--- Task input ---
____________________

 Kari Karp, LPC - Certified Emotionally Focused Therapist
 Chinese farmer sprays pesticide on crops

____________________

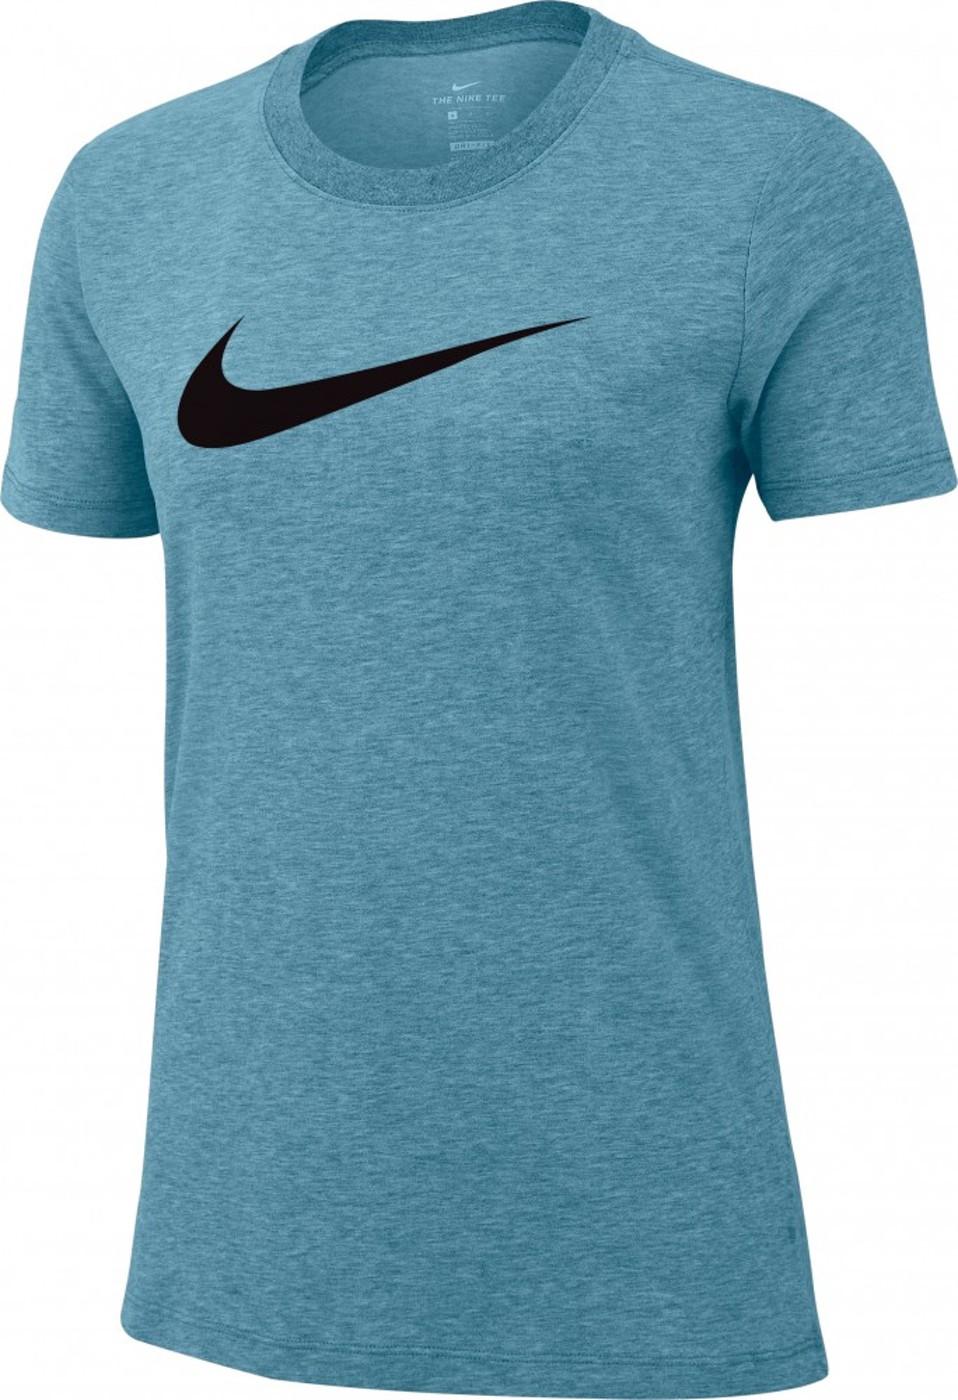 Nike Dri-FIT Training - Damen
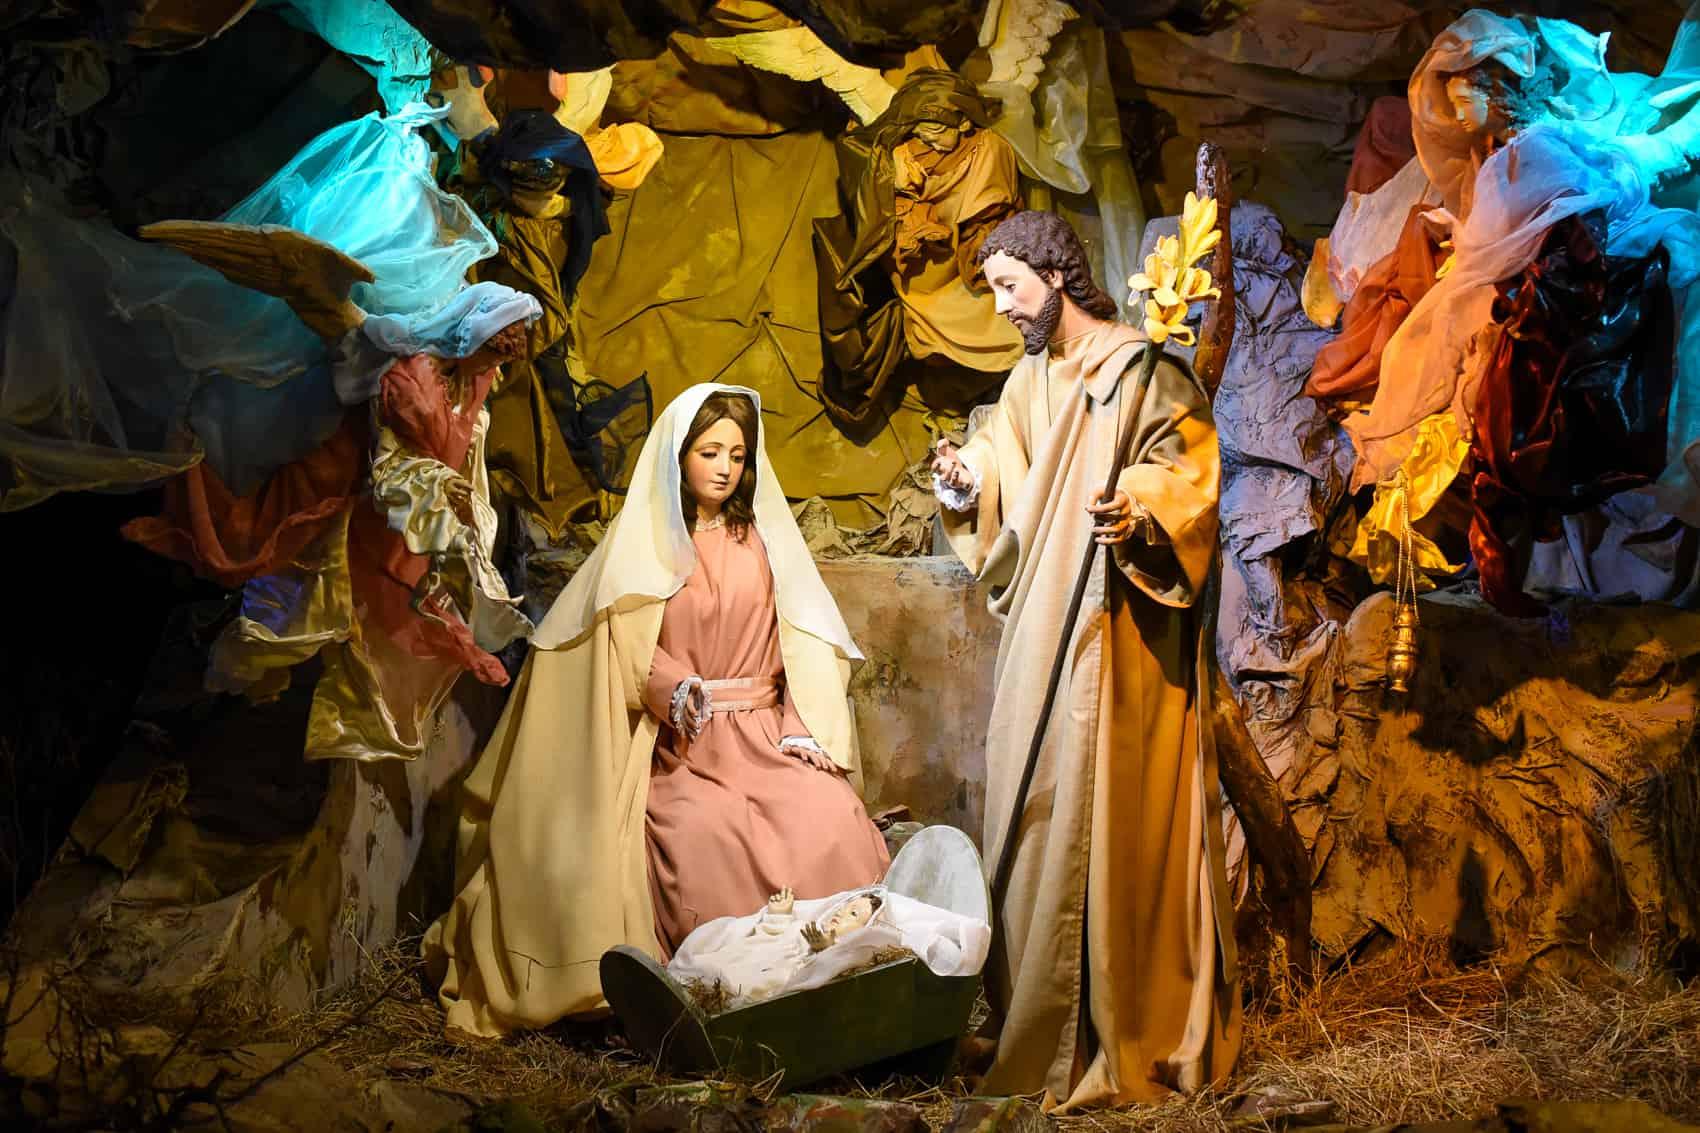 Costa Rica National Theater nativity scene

____________________

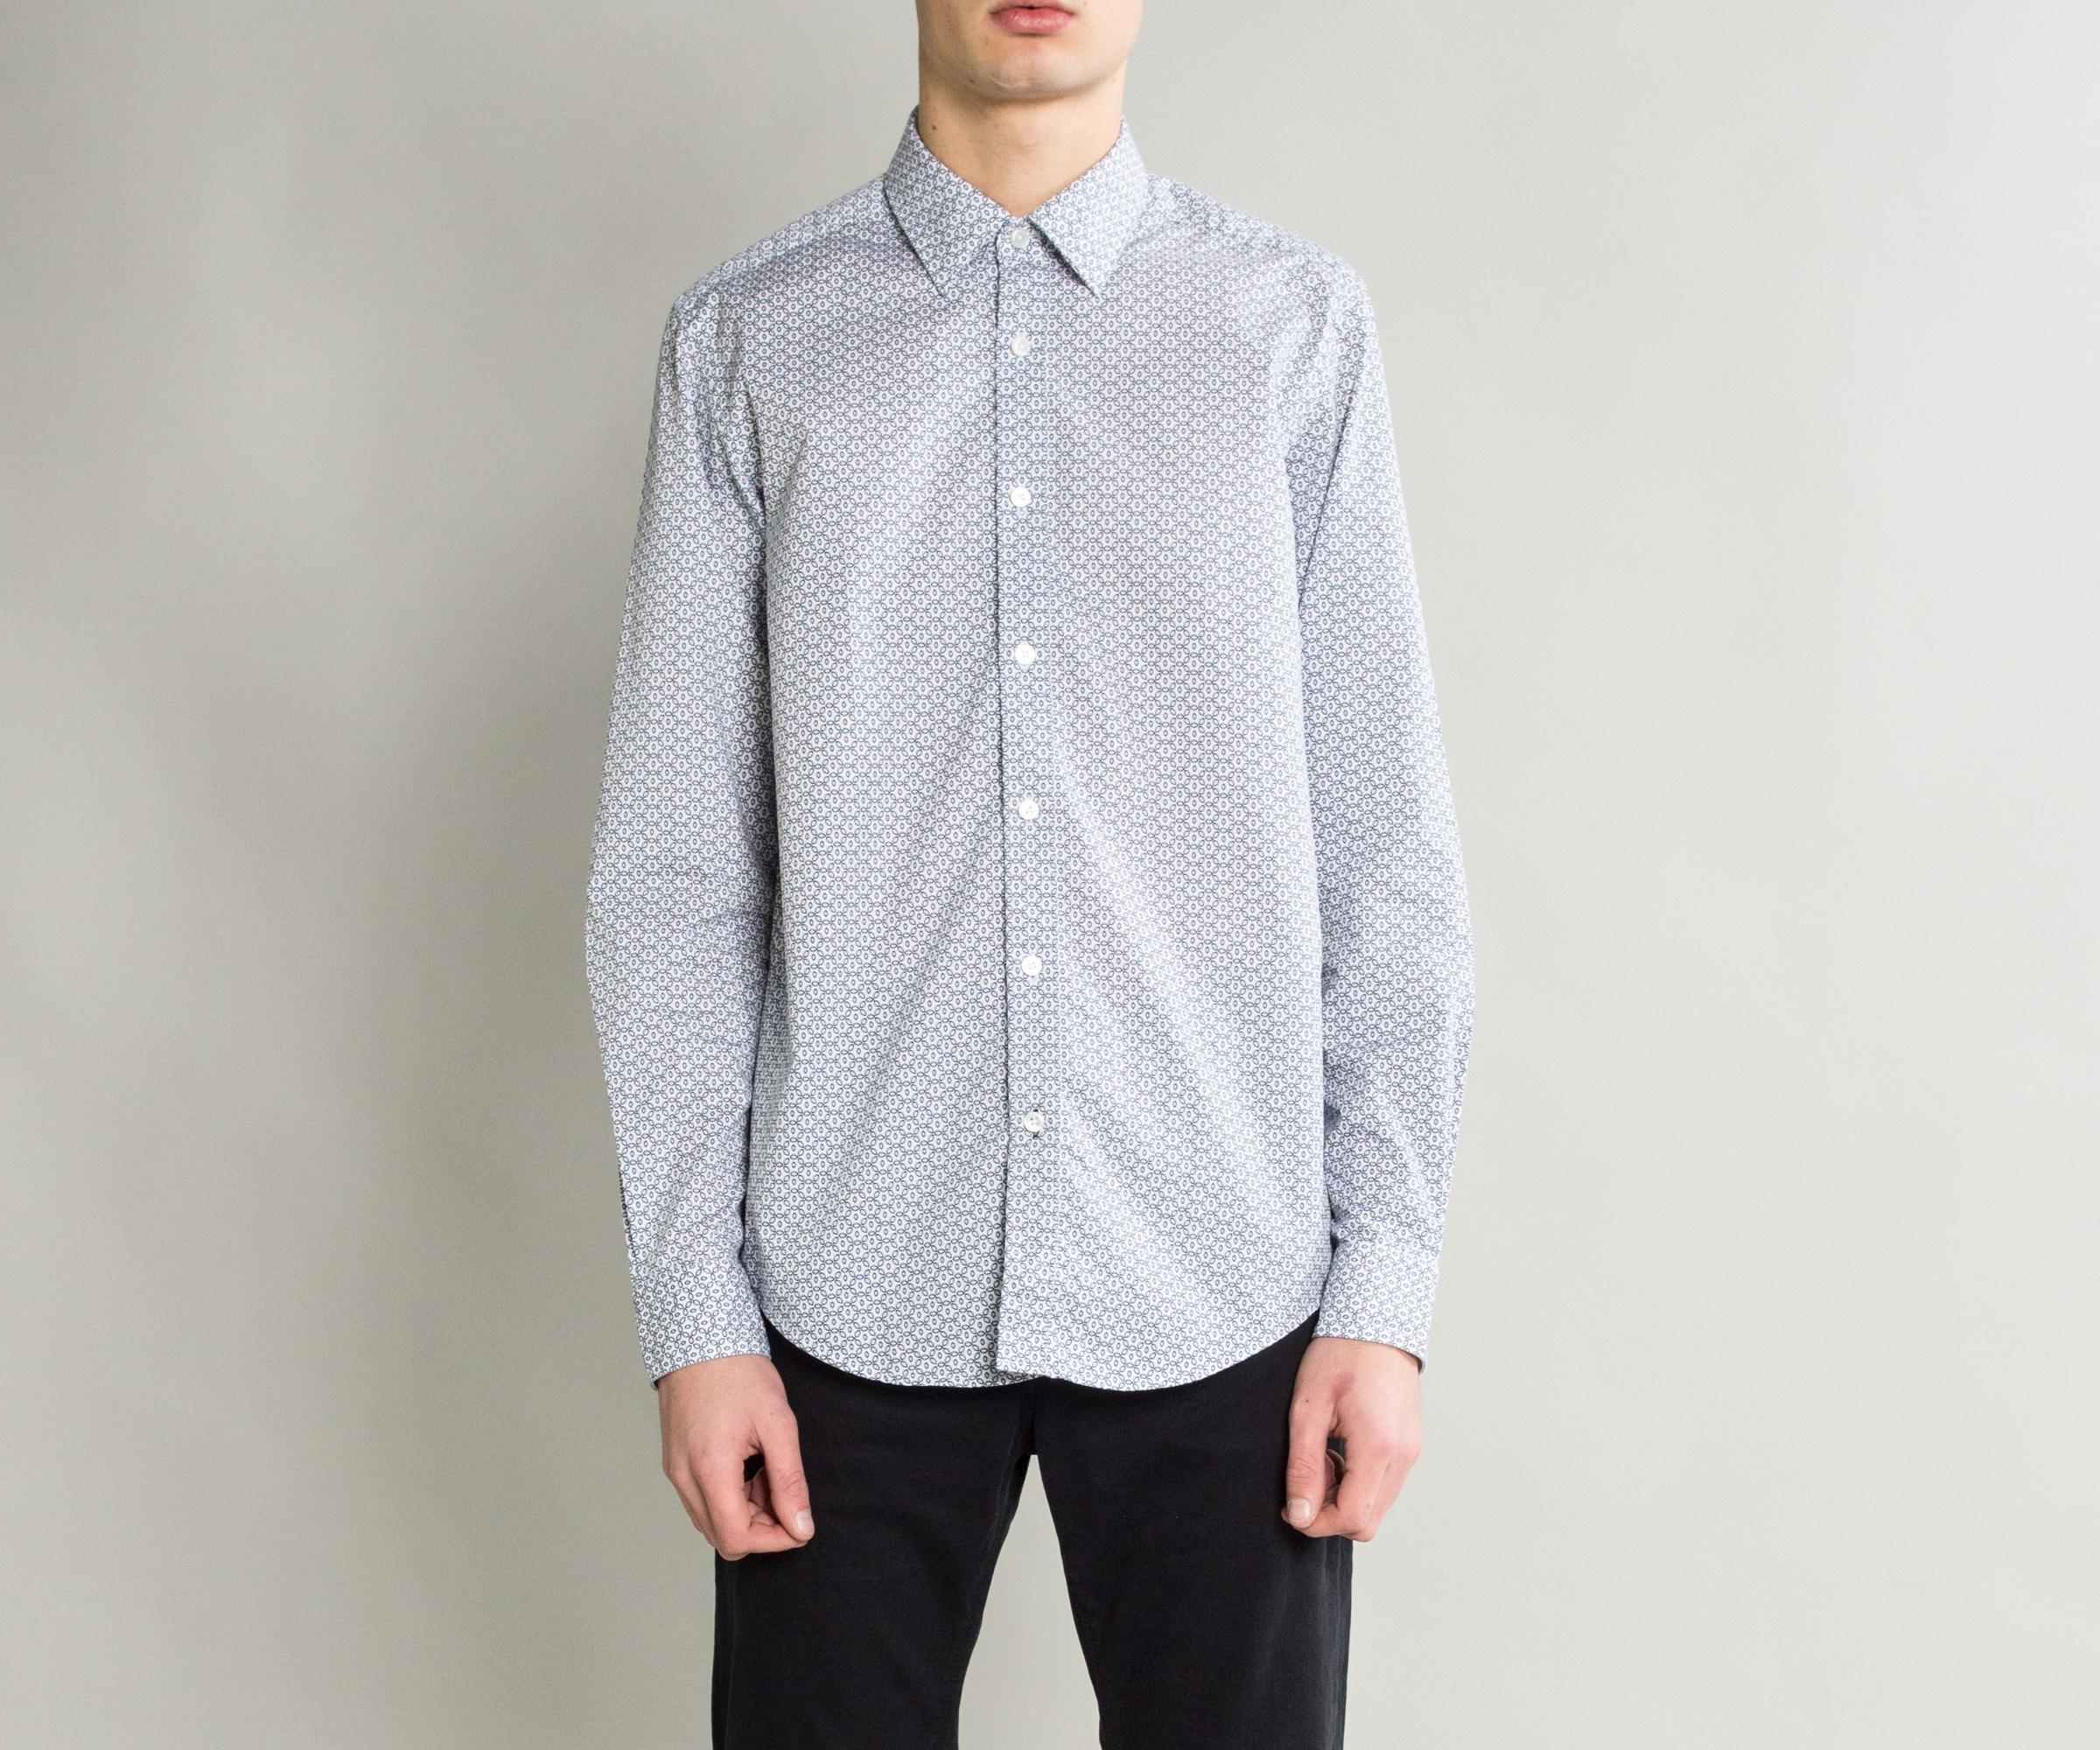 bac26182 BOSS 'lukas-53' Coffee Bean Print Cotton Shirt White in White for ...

____________________

--- Task description ---
The material above holds pictures; leave them out and set down exactly the lines from the line with "Nike Dri-FIT Training - Damen" to the line with "Costa Rica National Theater nativity scene", both included.

--- Answer to the exercise ---
 Nike Dri-FIT Training - Damen
 Costa Rica National Theater nativity scene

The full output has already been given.